A feelgood recreation written by Nick de Jongh, who has just stepped down as the decidedly waspish theatre critic of the Evening Standard, of the 1950s when a Conservative Home Secretary, David Maxwell-Fyffe, vowed to stamp out the plague of homosexualuity, with the aid of aversion therapy and agents provocateurs, the "pretty police" who frequented gents' lavs to catch cottagers in the act. You wonder now what madness possessed them to attempt something so harebrained. But there's nothing so baffling as an earlier generation's obsessions.

There are some good jokes at the expense of the stupidities of the age, greeted on the night we saw it by appreciative laughter from an audience half of whom seemed to be elderly gay couples, no doubt remembering (fondly?) the years when their proclivities were a crime. There were some good jokes too at the expense if theatre critics and the Evening Standard.

Several stories interwoven, on a set with numerous doors and a revolving back wall which cleverly managed to suggest the bar of a louche gay club, the set of a country house melodrama, a gents' urinal and so on. There was lots of doubling, lots of quick changes: an excellent piece of stage management.

There was the young civil servant who jeopardises his career by having an affair with an ex-GI. There's the judge's son who falls for one the pretty police. And there's John Gielgud, arrested and fined for cottaging while rehearsing for the provincial opening of some dreadful drawing room drama co-starring Sybil Thorndike and produced by Binkie Beaumont (resplendent in a cream suit). How will Gielgud's audience react to his conviction? Will the tour have to be cancelled? Beaumont is cagey, hypocritical; Gielgud hopelessly naive.

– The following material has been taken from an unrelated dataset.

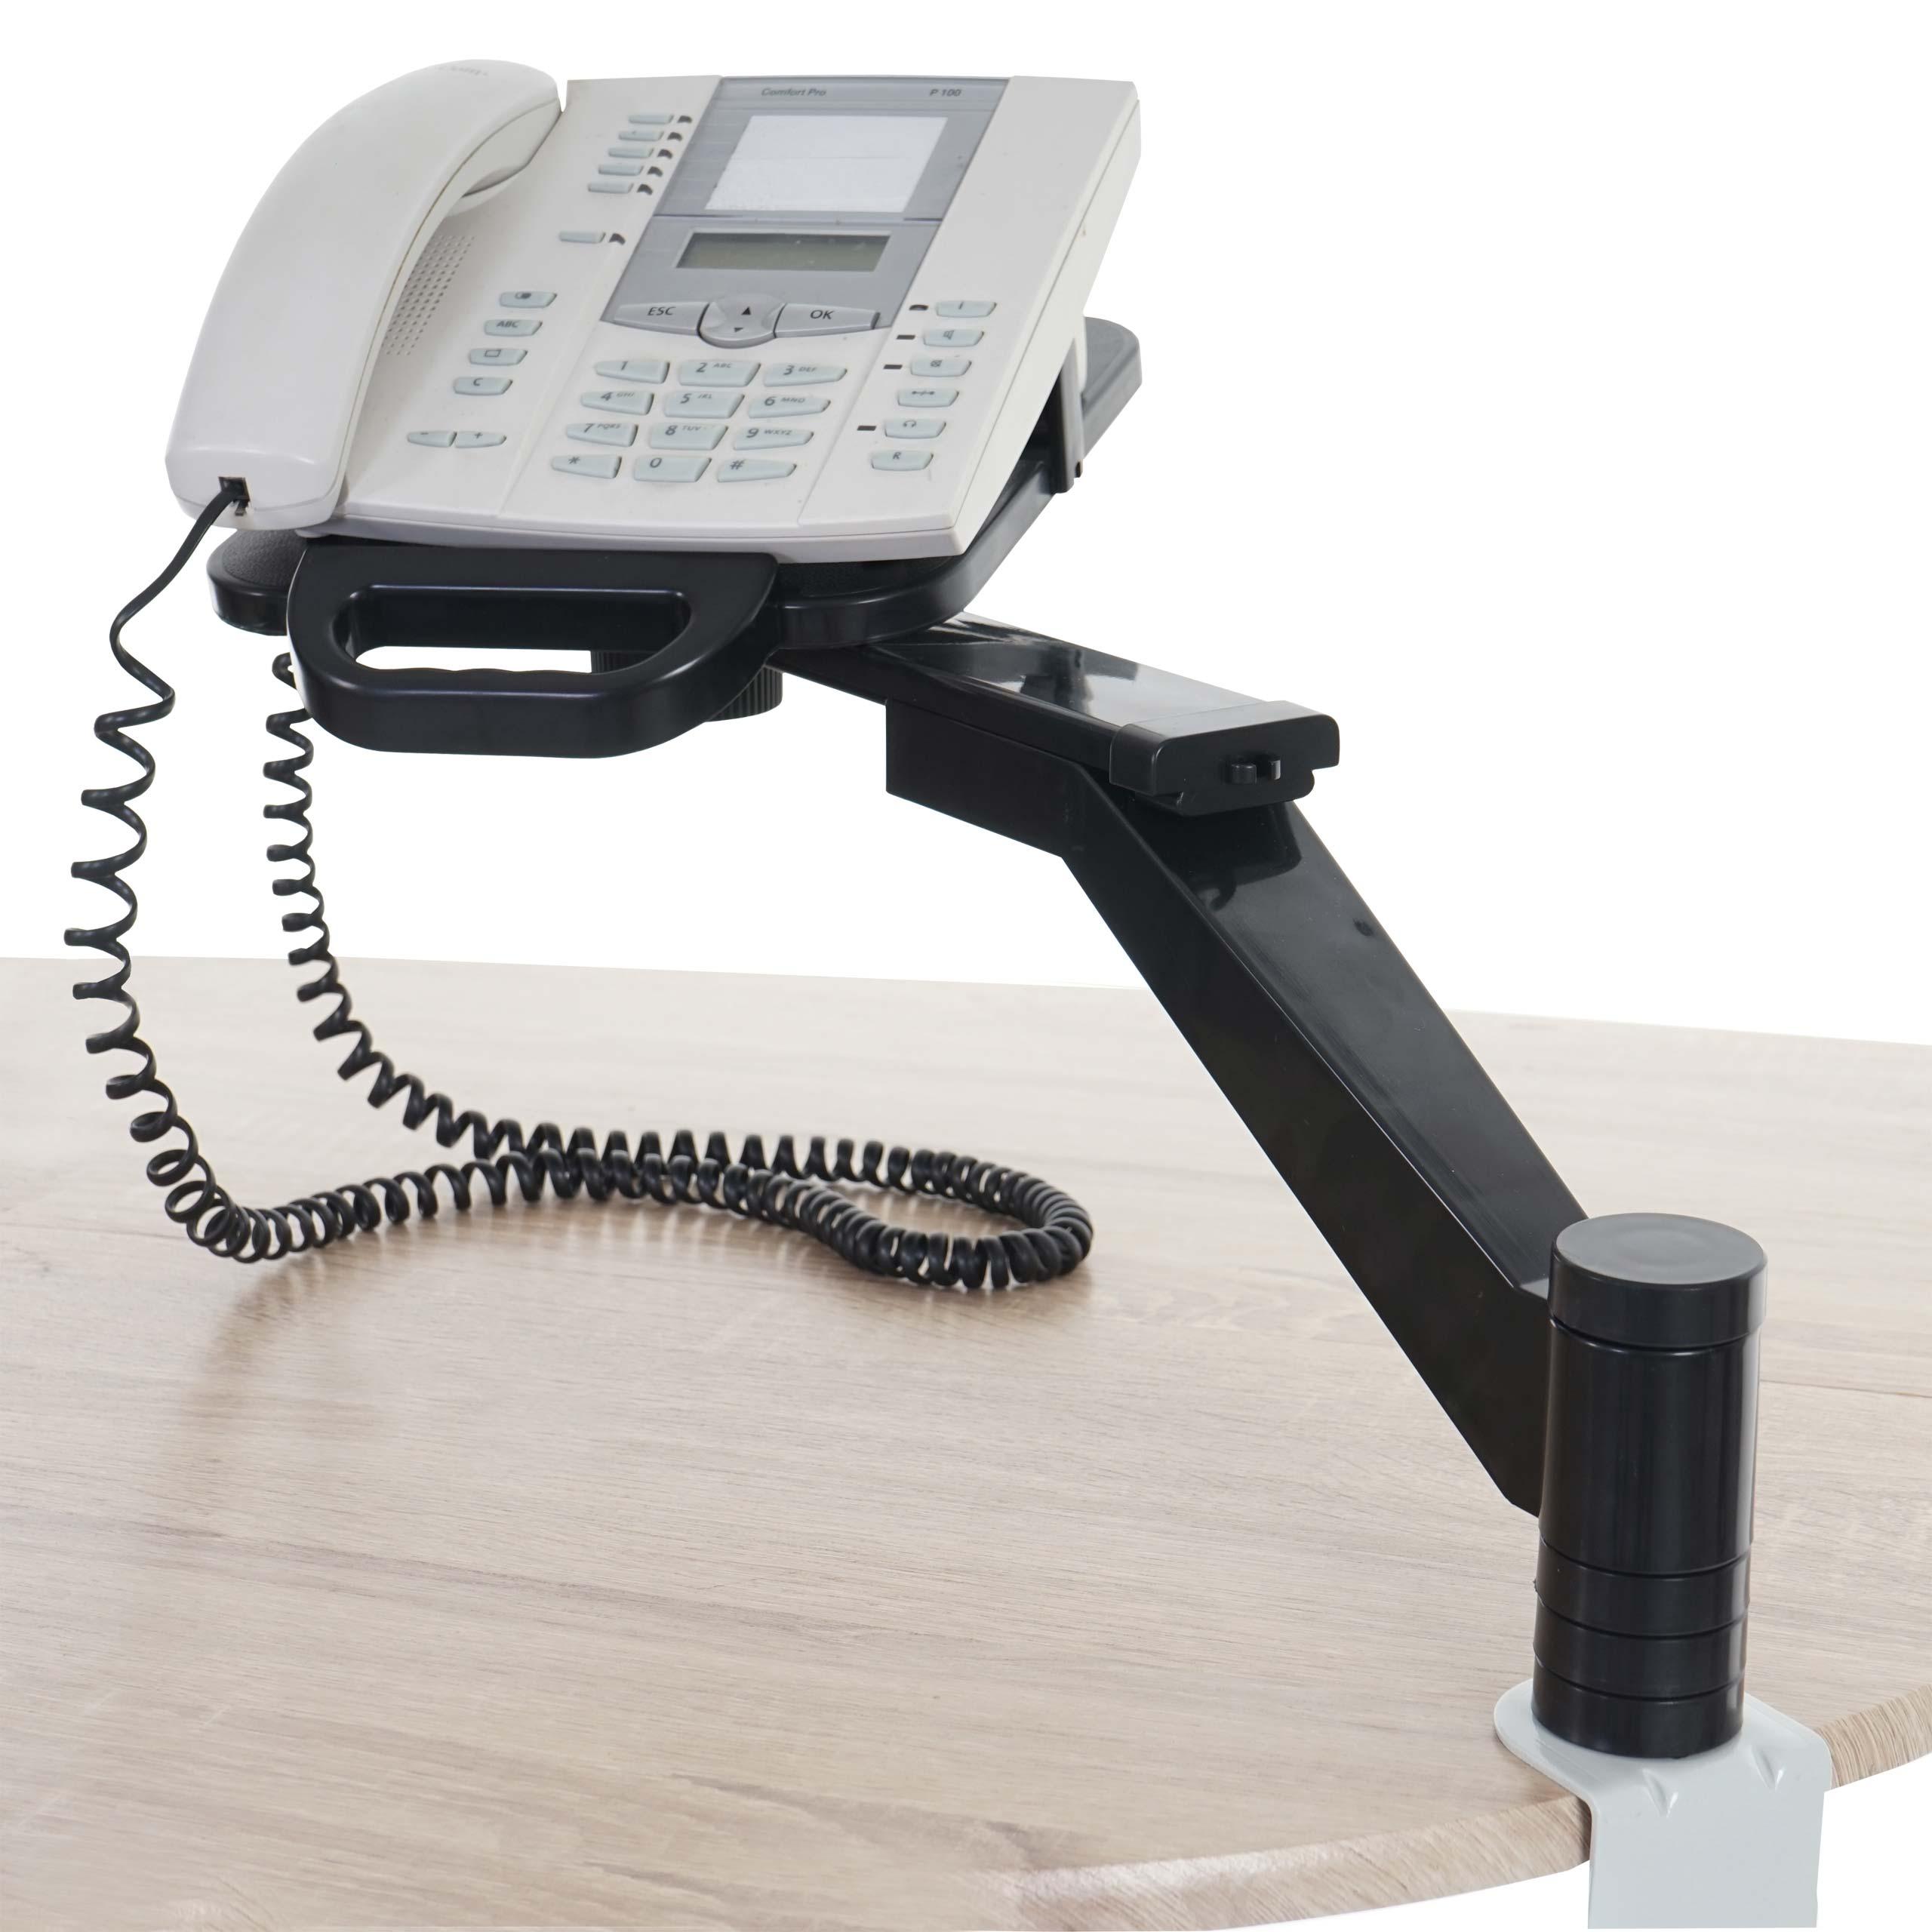 Mendler Telefonarm T555, Telefonhalter Telefonschwenkarm Tischhalterung ~ Variantenangebot 45689

Most of the cast I recognised, few I could properly place. Celia Imrie the only woman, playing Thorndike and the madame of a gay club, sometimes barely audible. Michael Feast doing a passable imitation of Gielgud, including the waspish humour. David Burt as a succession of manservants, waiters, lavatory attendants, all more or less camp. John Warnaby as Gielgud's friend, a portly theatre critic.

It was an old-fashioned play, a series of linked sketches, which reminded me of Alan Bennett. Funny, touching, soft-centred, engineering a happy ending by virtue of flashes forward to the 1970s and the decriminalisation of homosexuality and underlined by the judge's son and the pretty policeman stripping off an rolling around passionately.

Stephen Poliakoff was in the audience. So was Nick de Jongh, who sat right behind us. That might have been unnerving. Happily there was no need to pretend: we enjoyed it greatly.